Spectrum’s innovative approach

Prison | Hill Dickinson

Food and fluid refusal in prison settings – Spectrum’s innovative approach

In our article Food and Fluid Refusal in Prison Settings we explored some of the challenges posed by patients refusing food and/or fluid in a prison setting.

Exploring the individual’s motivation and mental capacity may or may not provide a legal route to provide treatment in the absence of the patient’s consent.  

Although there is a presumption of capacity in the law, it is particularly important to establish whether or not the patient has capacity to make a decision to refuse food or fluid. If they have an inability to make a decision that is due to an impairment or disturbance in the functioning of their mind or brain, then there is a requirement to act in the patient’s best interests. This may include provision of artificial nutrition and hydration which would require transfer to outside hospital. There should also be consideration of whether the Mental Health Act applies.

Sometimes, these considerations are missed due to misconceptions about the reasons for food and fluid refusal, or confusion about whether or not it is a healthcare issue.

As lawyers called upon to support prison healthcare providers in some of these tricky cases, we have been impressed by the approach taken by Spectrum Community Healthcare CIC, and its development of the Food Refusal Toolkit. I spoke to Donna Phillips, former head of safeguarding at Spectrum, to find out more.

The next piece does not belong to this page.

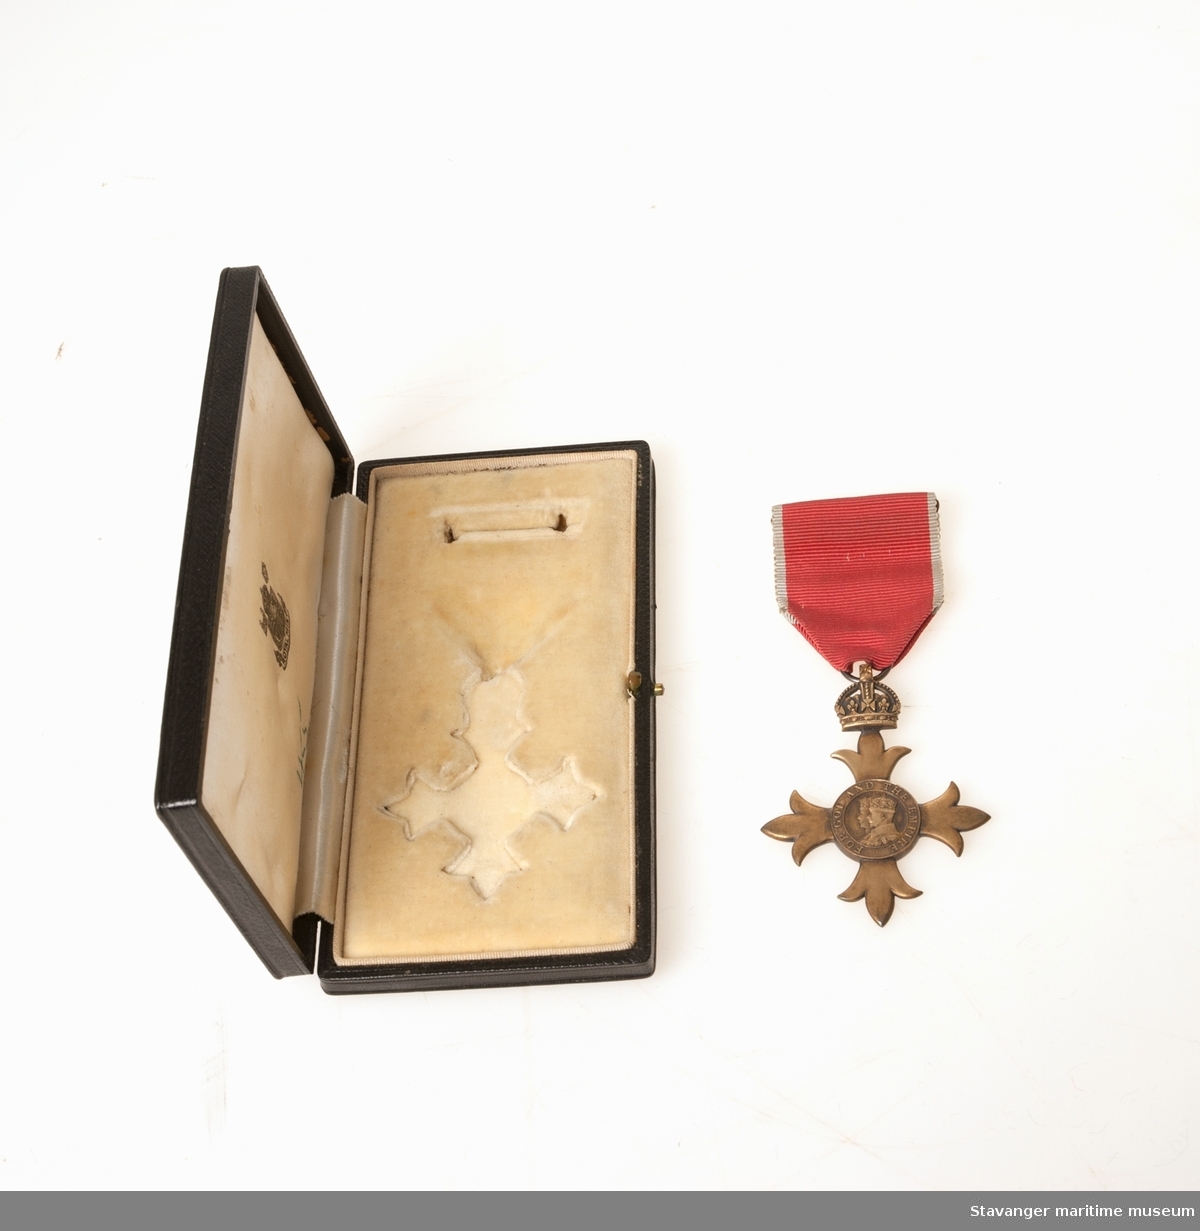 The Most Excellent Order of the British Empire, OBE medalje, i et etui sammen med et brev fra 1942 og en bruksanvisning på hvordan en skal bruke medaljen.

How was the toolkit developed?

The toolkit came into being following our success at winning a bid for NHS England funding in October 2021 to complete a safeguarding project within the prison estates.

The initial aim was to complete a quality improvement exercise, to seek out ways to improve patient safety and staff awareness of managing complex cases of food refusal in prisons, in particular when the patient may not have the capacity to make these decisions. 

Interviews were completed with staff across two secure sites in the North East and from the interviews a number of themes emerged. Staff felt that there was a lack in confidence managing some cases and that further support was needed for them when working with patients refusing food. The idea of the toolkit emerged from these interviews and was formulated based on staff feedback in terms of what they wanted, as well as clinical and legal guidance.

How would you describe the toolkit?

The toolkit is a pocket-sized set of joined flashcards containing information and guidance for staff on a number of topics relating to working with patients on food refusal. Each section is colour coded for ease of use. Sections include:

  • A general definition and description of food refusal, including the risk to patients; key aspects of adult safeguarding and ‘Making Safeguarding Personal.’
  • Guidance on completing a full assessment, including consideration of communication needs.
  • Issues relating to mental capacity, for example, the possible impact of mental health issues, and guidance on making Best Interests Decisions. 
  • Physical observations.
  • Roles, responsibilities and escalation, including dealing with challenge.
  • Process flow charts and further resources.

All our staff in secure estates have a copy of the toolkit; partners have also been provided with some copies (prison service and mental health teams, for example). We have also developed an interactive PDF version which has been shared widely with internal and external partners. 

What impact has the toolkit had?

When the toolkit was launched, we completed a baseline audit. This was a deep dive case file audit to establish a benchmark in terms of staff knowledge and confidence prior to the toolkits being embedded. Over the following 12 months, the safeguarding team have seen an increase in over 100% in the numbers of safeguarding incidents relating to adults in secure settings being on food refusal (categorised as self-neglect). This showed that staff awareness of the issue as a safeguarding concern had increased. In addition to this, we have seen an almost 100% increase in the number of safeguarding MDTs we as a safeguarding team have been asked to attend. We believe that this is due to staff having clear and succinct guidance which is easily accessible to them in the form of the toolkit.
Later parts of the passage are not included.